# Exercise aim:
Below this task are records; return each one exactly and omit its images.

# Supplied records:
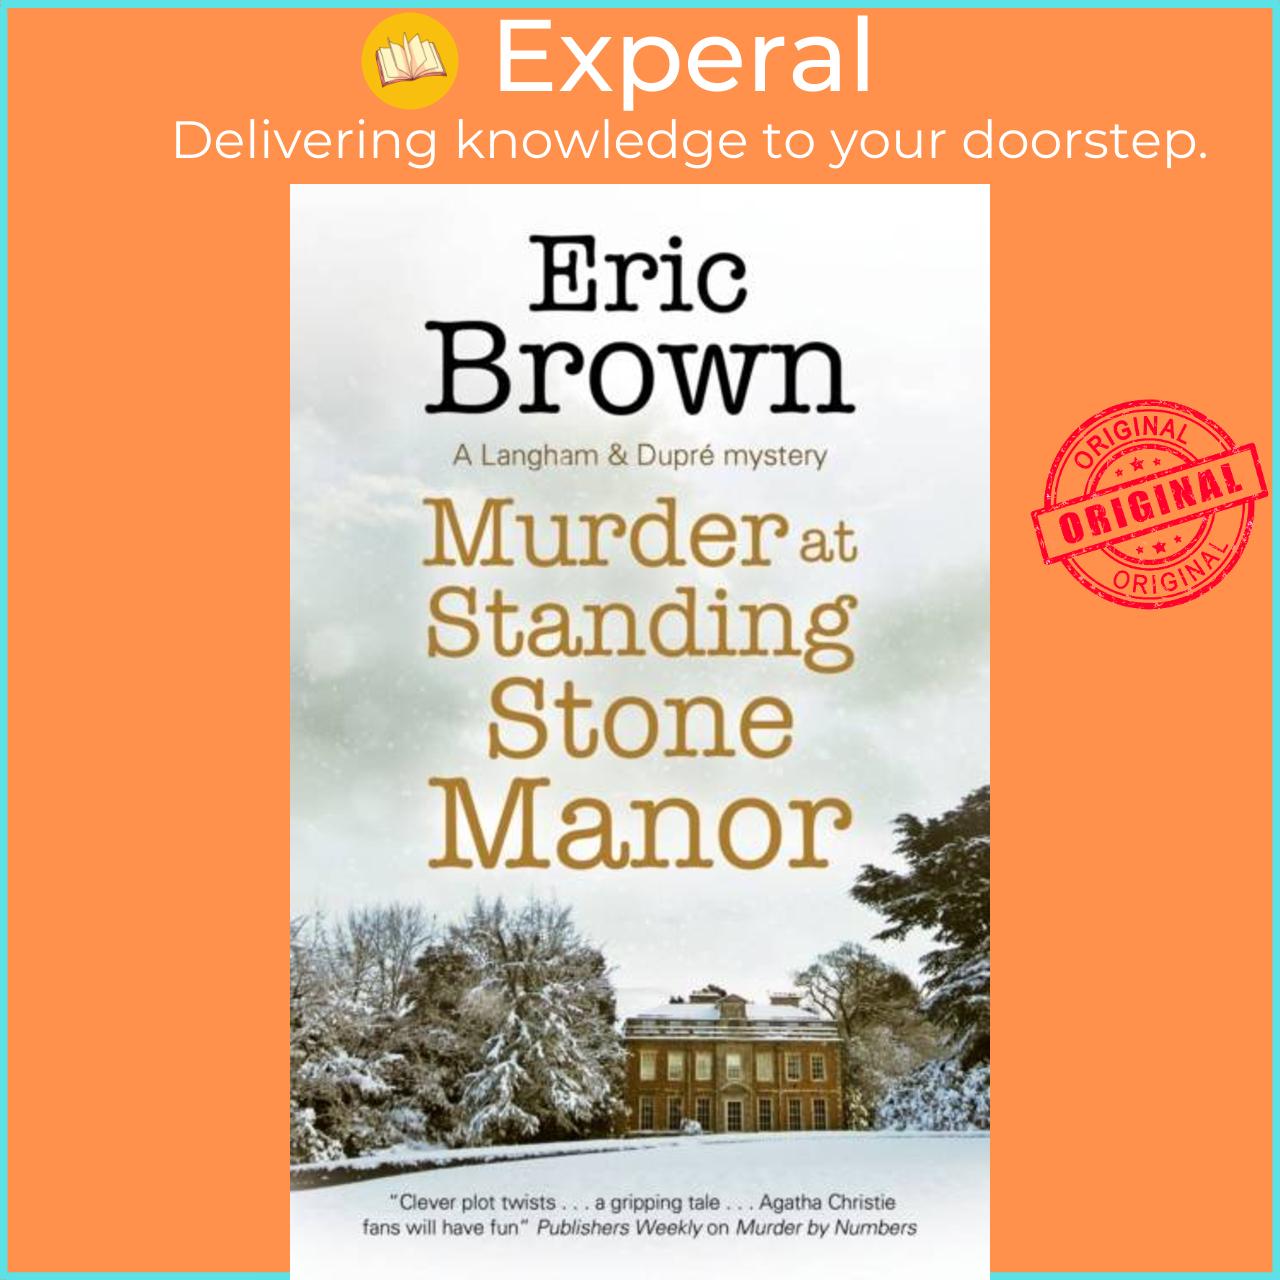 Sách - Murder at Standing Stone Manor by Eric Brown (UK edition, hardcover)
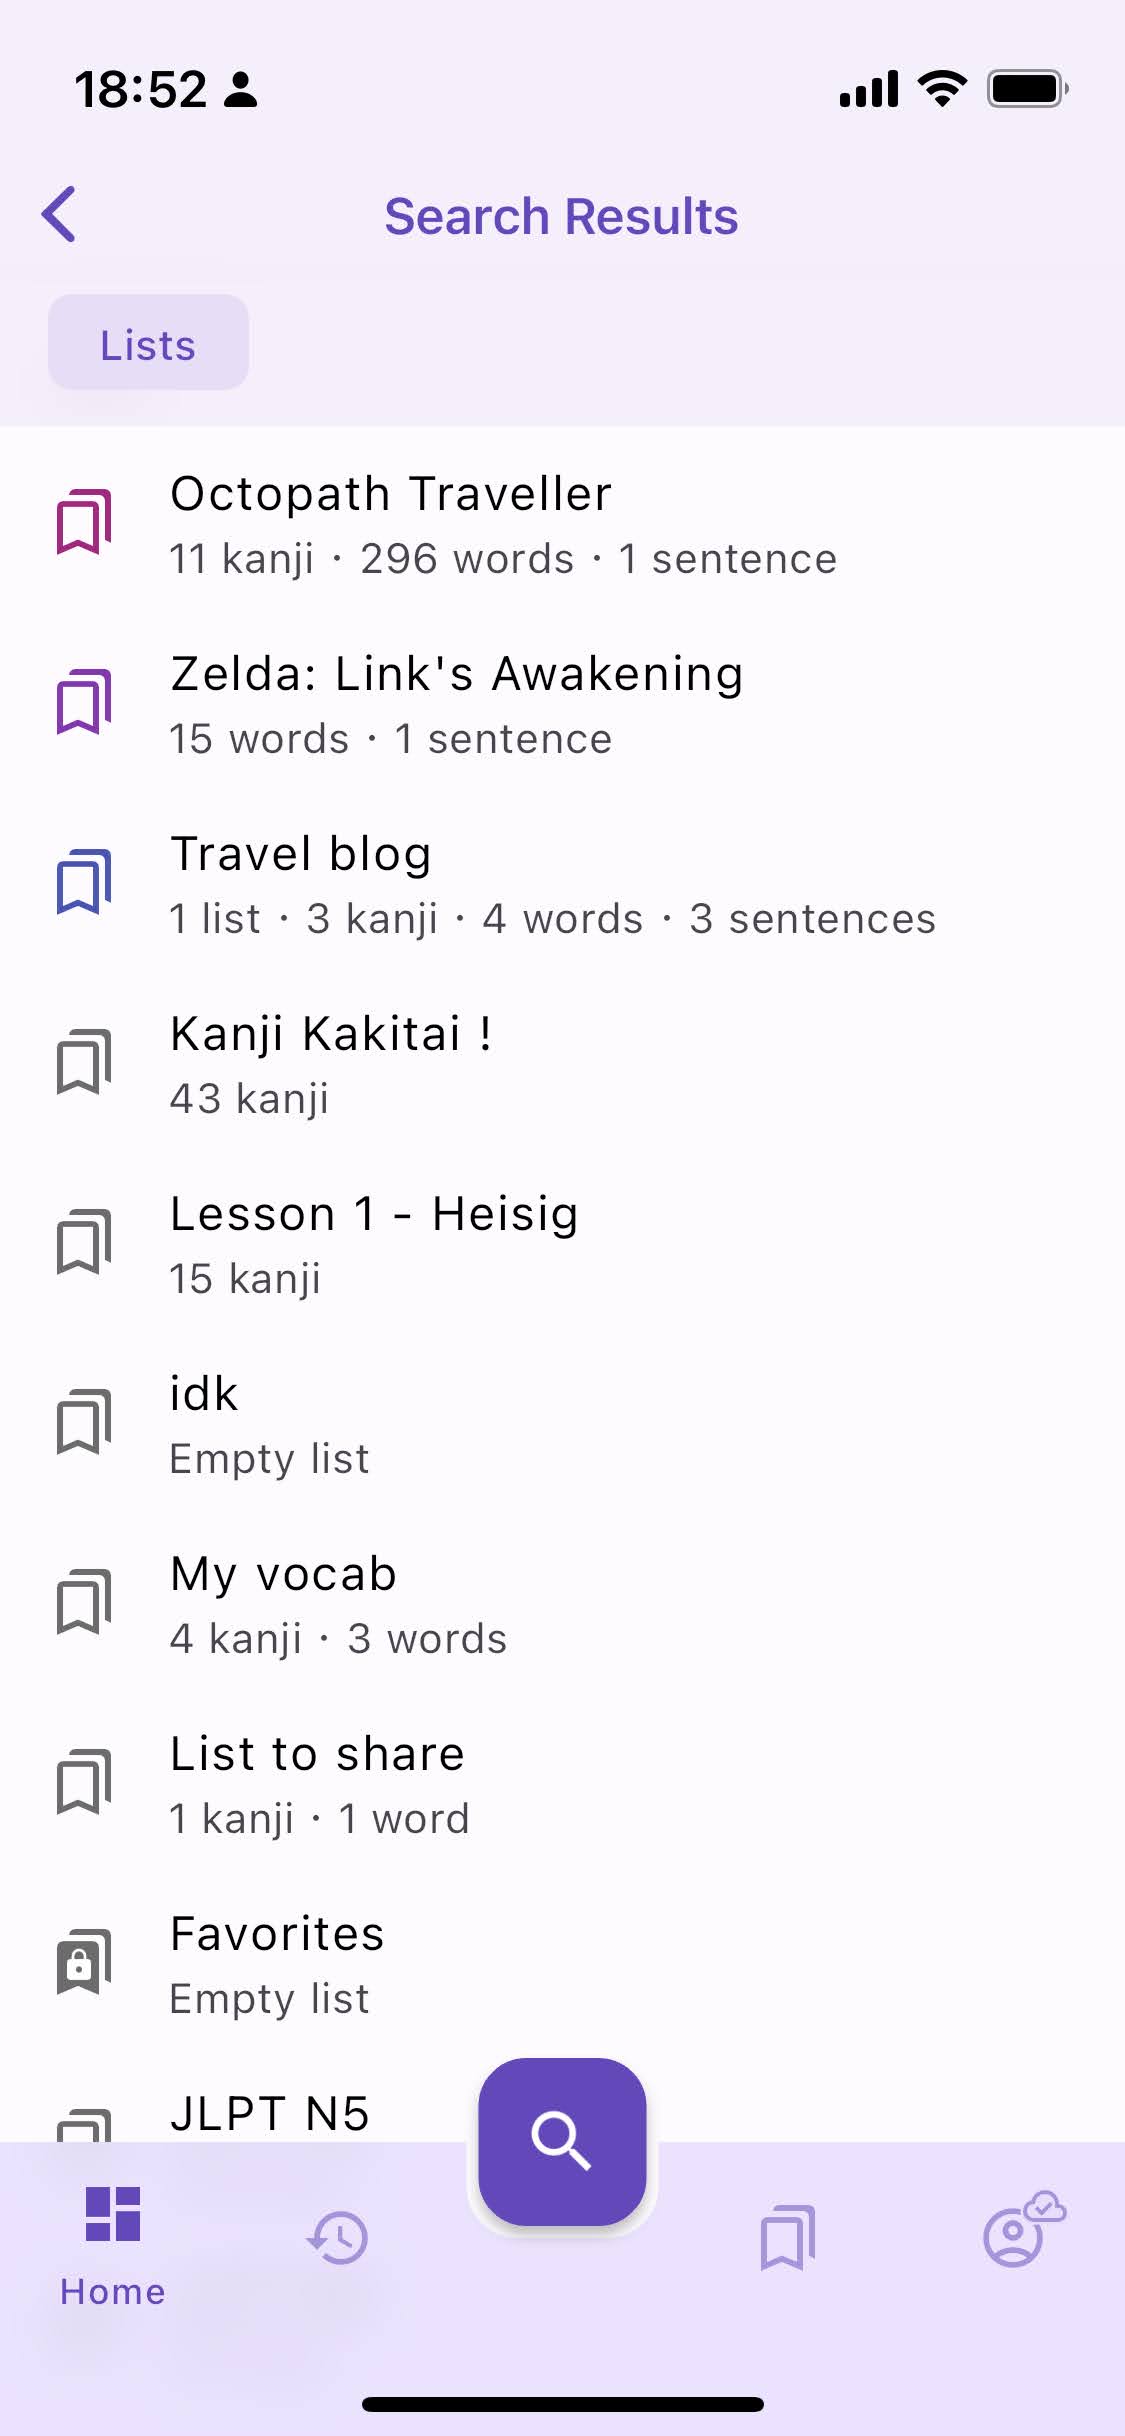 Sentence Sharing, One-tap Bookmark, User Profiles, and more
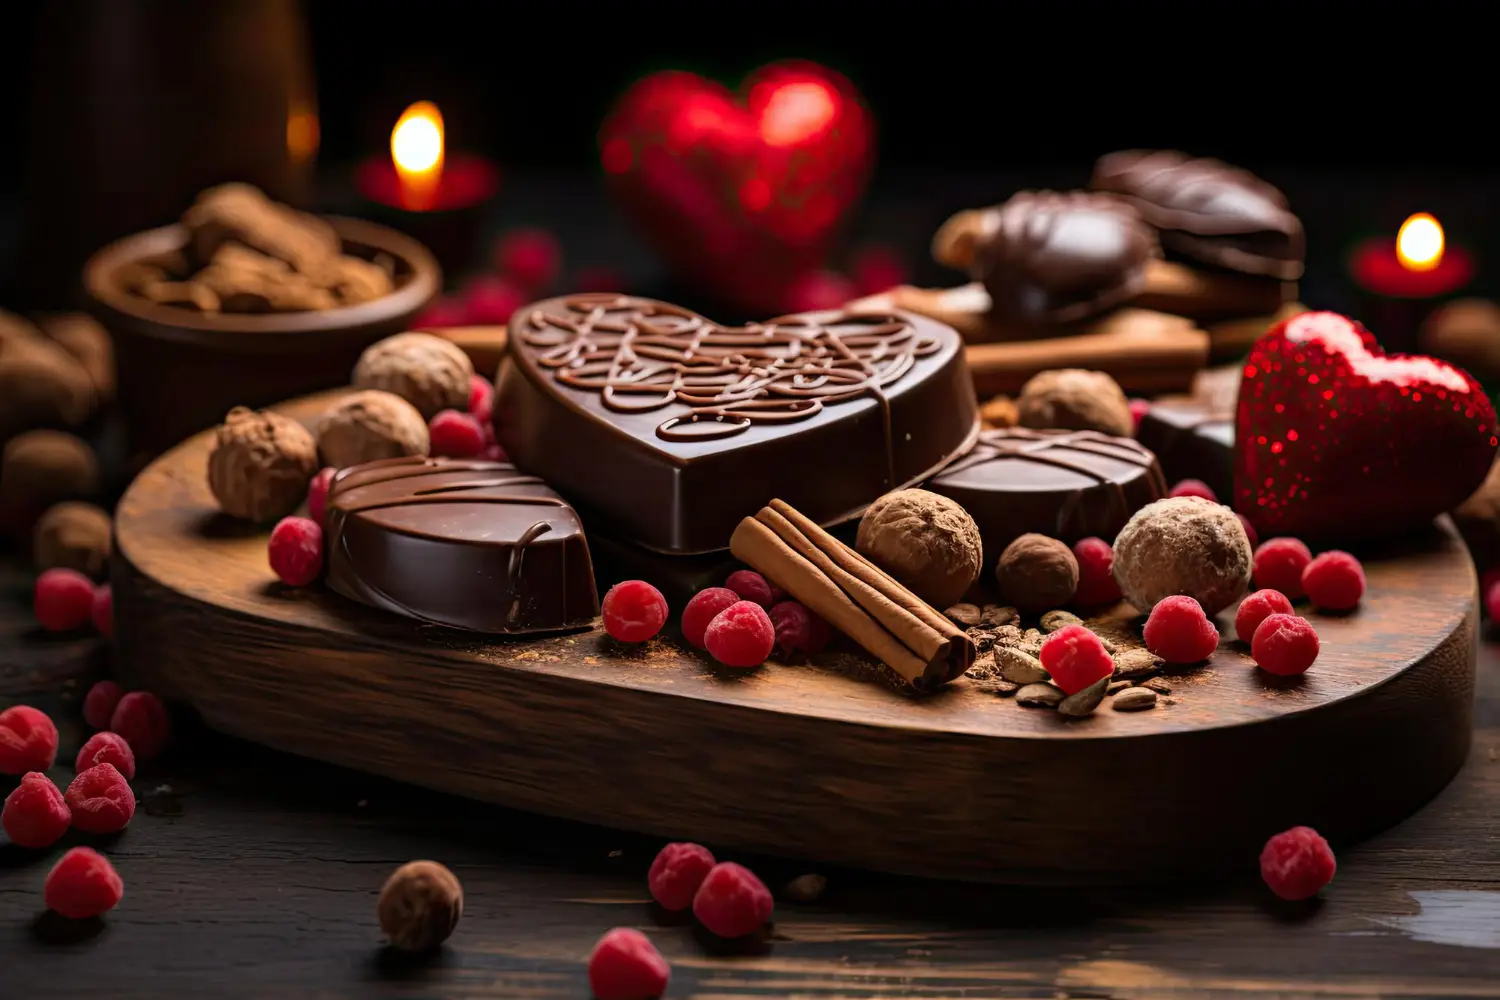 Indulge in Gourmet Chocolate with Love Cocoa’s Ethical Treats
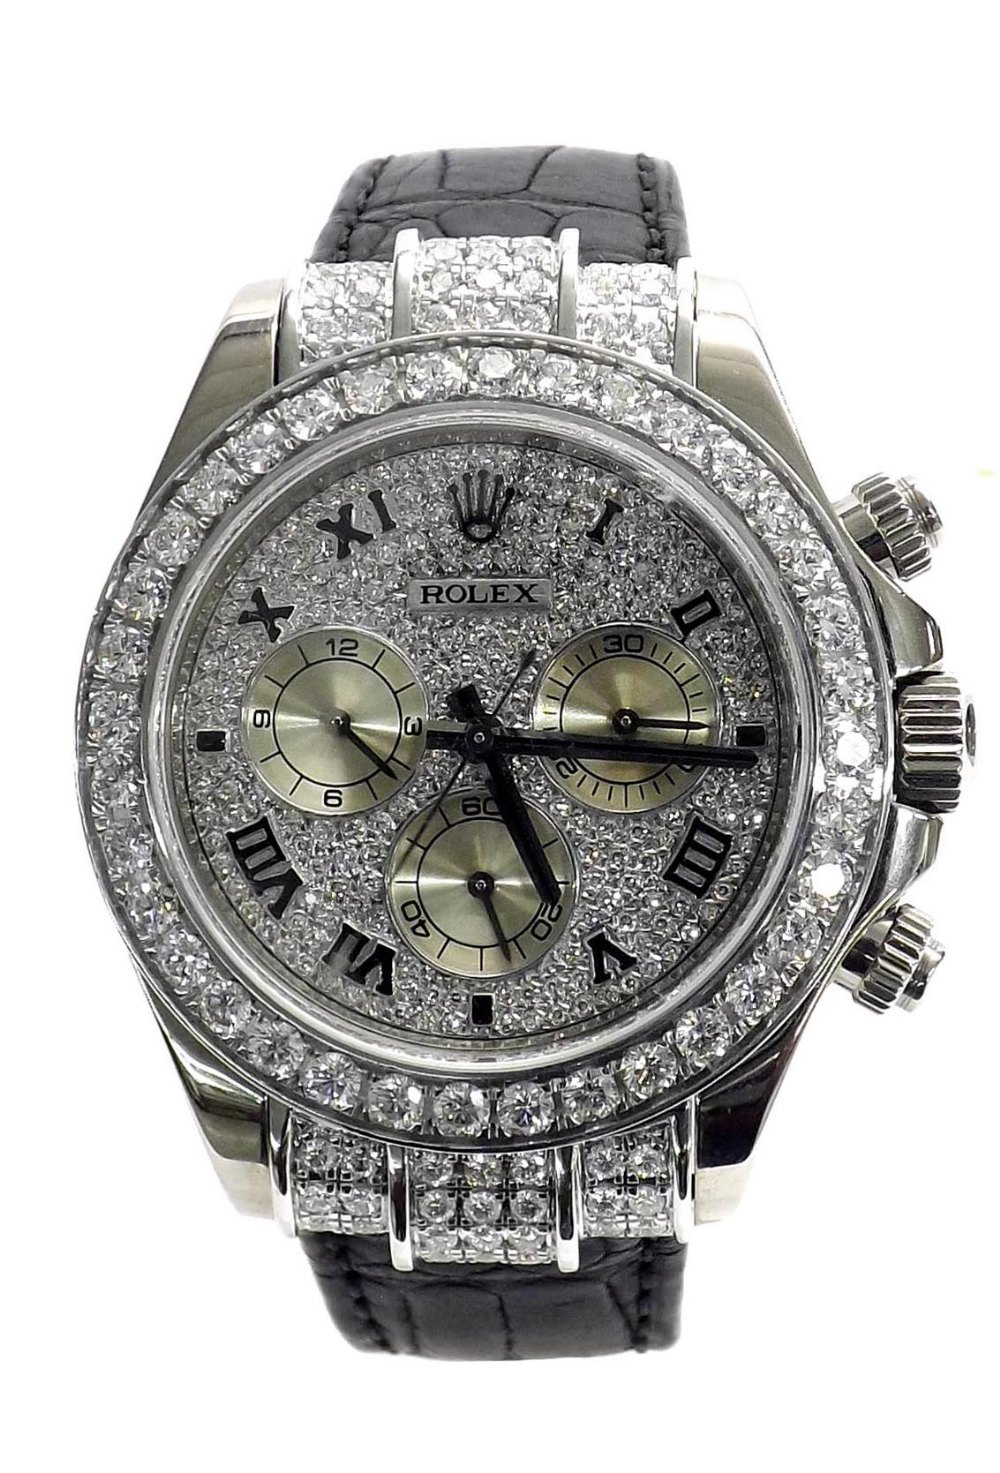 (15 544330-1-A) Impressive Rolex Oyster Perpetual Cosmograph Daytona 18ct white gold and diamond
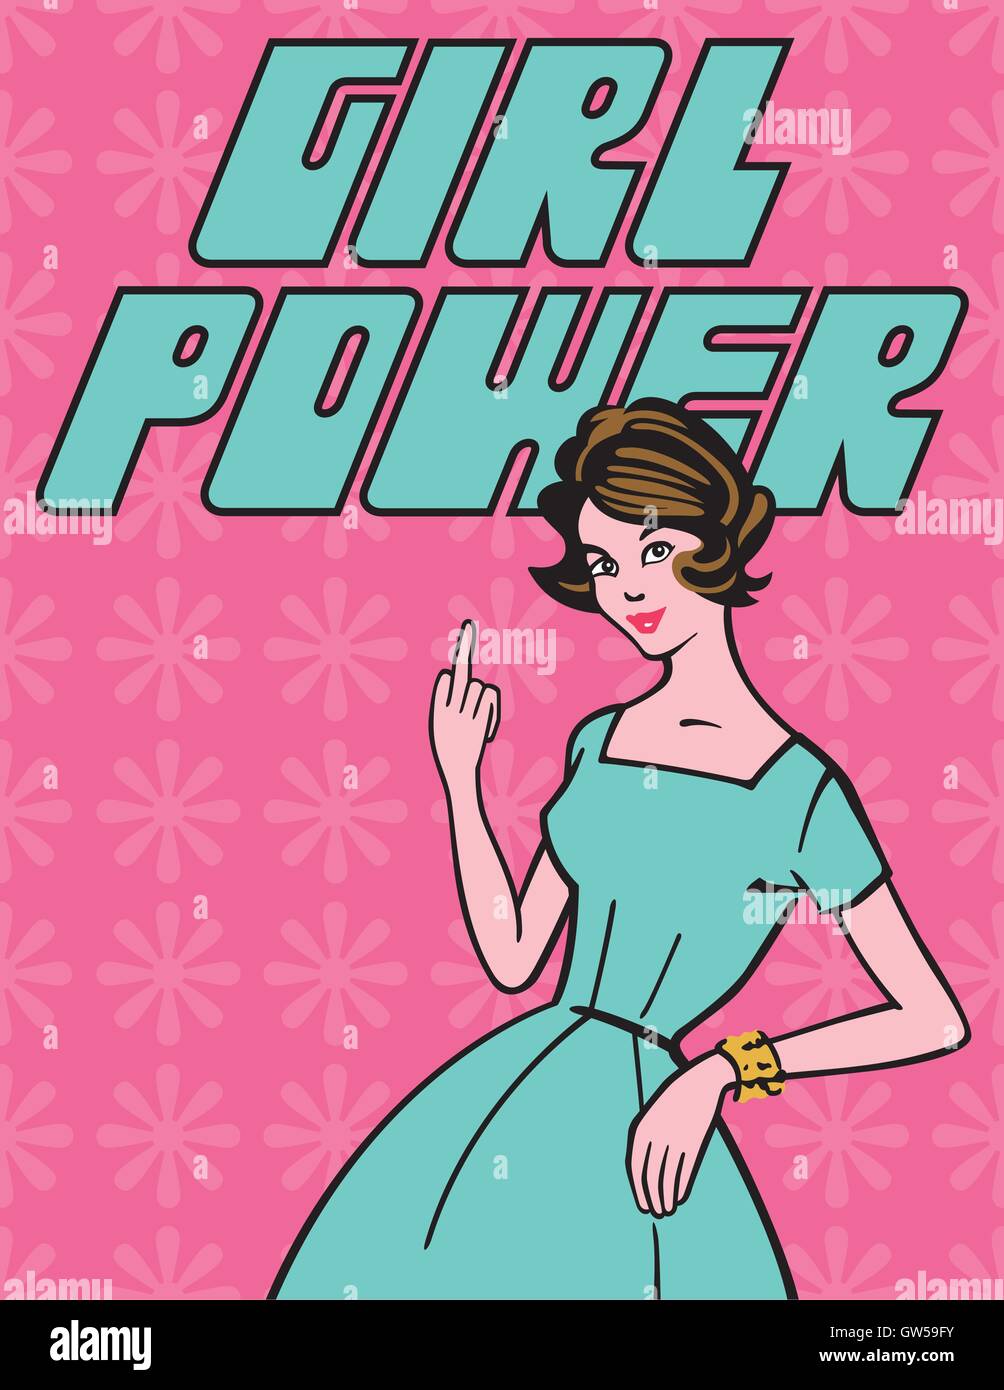 Girl Power Retro vector design. Classic 1950's housewife give the finger to the world. Cool retro graphics and decidedly modern attitude. You go girl! Stock Vector

# Response to the exercise:
 Sách - Murder at Standing Stone Manor by Eric Brown (UK edition, hardcover)
 Sentence Sharing, One-tap Bookmark, User Profiles, and more
 Indulge in Gourmet Chocolate with Love Cocoa’s Ethical Treats
 (15 544330-1-A) Impressive Rolex Oyster Perpetual Cosmograph Daytona 18ct white gold and diamond
 Girl Power Retro vector design. Classic 1950's housewife give the finger to the world. Cool retro graphics and decidedly modern attitude. You go girl! Stock Vector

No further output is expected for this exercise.